The woman picks up on the analogy Jesus offers and amplifies it imaginatively and with the full depth of her faith. She responds enthusiastically that pet dogs would certainly be served the table scraps by the playful children at table.

With this Divine analogy now fully embraced between the two, Jesus and the Canaanite woman have achieved an amazing resolution on a difficult issue. It is a model for all cultural and personal differences for all time! Their exchange then culminates in a loving and faith filled miracle that Jesus pronounces: “O woman, great is your faith! Let it be done for you as you wish.”

I pray that my future differences with my wife and others be always grounded in a common search for the truth; that I can discuss my differences without destructive language or vilification; that I can stay on-point and not wander off into obtuse arguments or past wounds and hurts; and that I can be imaginative and faith-filled when confronted by my own inadequacy or inferiority.

After my homilies that Sunday and back at home, I passed quickly by the now-barren side-wall where Our Lady of Guadalupe once hung.

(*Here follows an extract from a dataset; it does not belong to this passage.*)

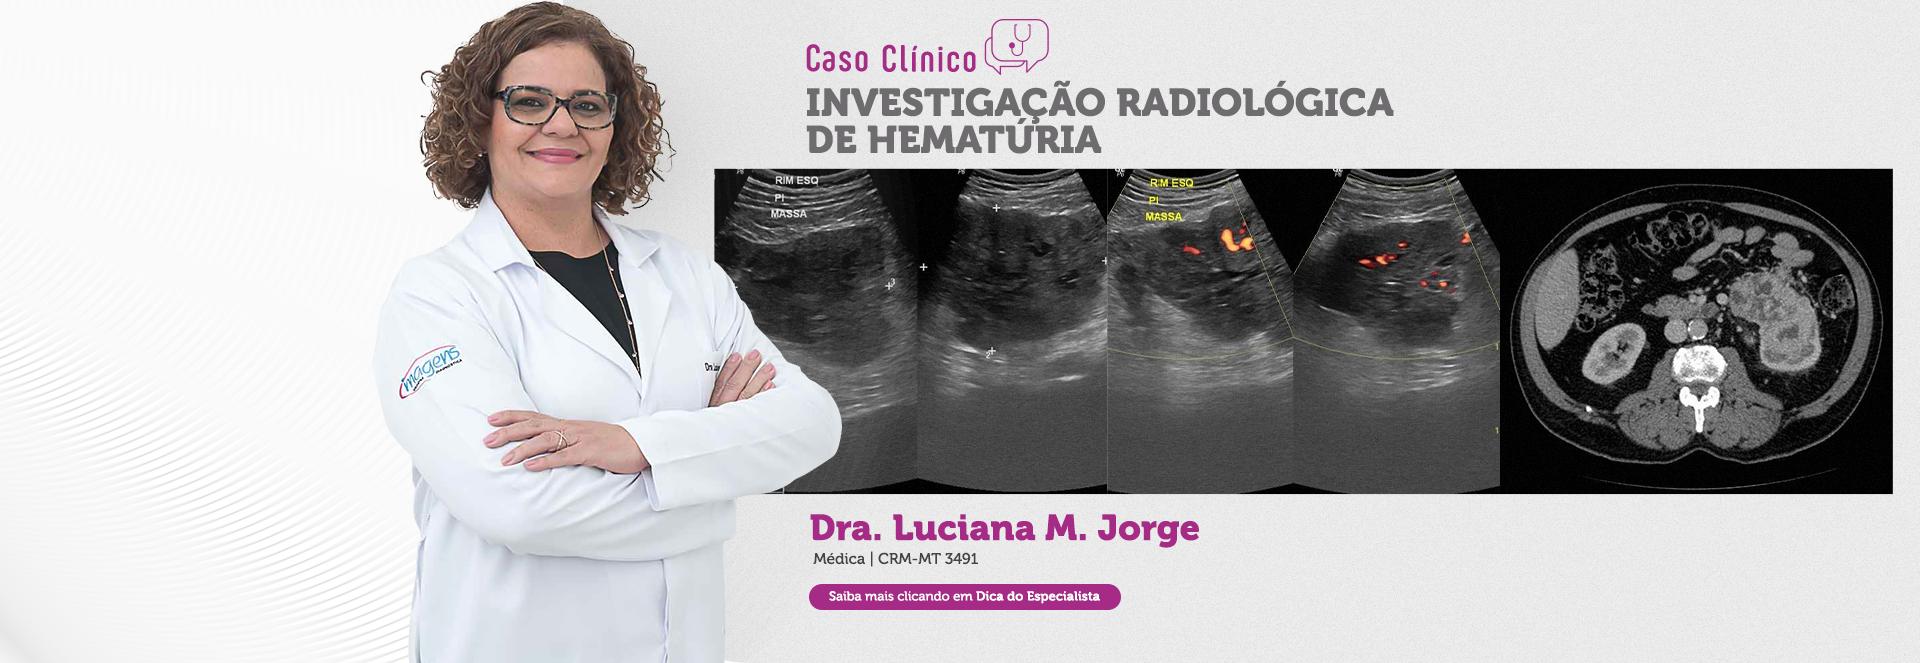 Investigação radiológica de hematúria
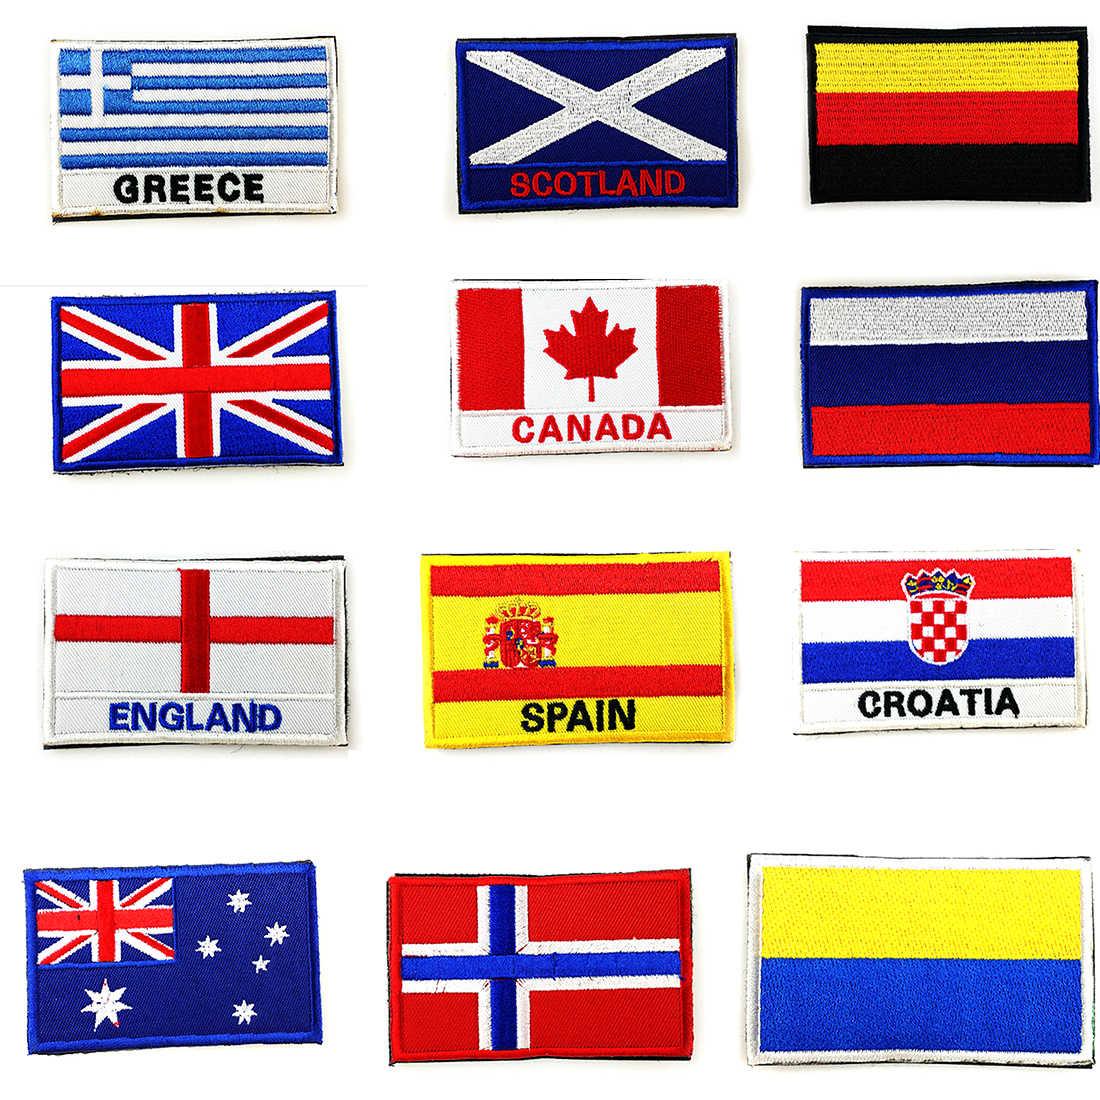 Parche bordado 3D con bandera de Alemania, Reino Unido, Japón, Israel, Corea, Egipto, parche para coser en la ropa, mochila con brazalete, aplique adhesivo

I realized that this was the perfect angle from which to view Her if one were to pass it by on the way to my wife’s bedroom and to the other rooms she frequented. I was humbled by this awareness that I had totally overlooked.

Now I understood that her love for Our Lady of Guadalupe had been wonderfully fulfilled by viewing it on the side-wall, where her perspective had been full and unimpeded, letting two mothers and wives have a few special moments countless times a day to exchange their motherly and wifely perspectives.

Prayerful and loving exchanges, just like Jesus and the Canaanite woman!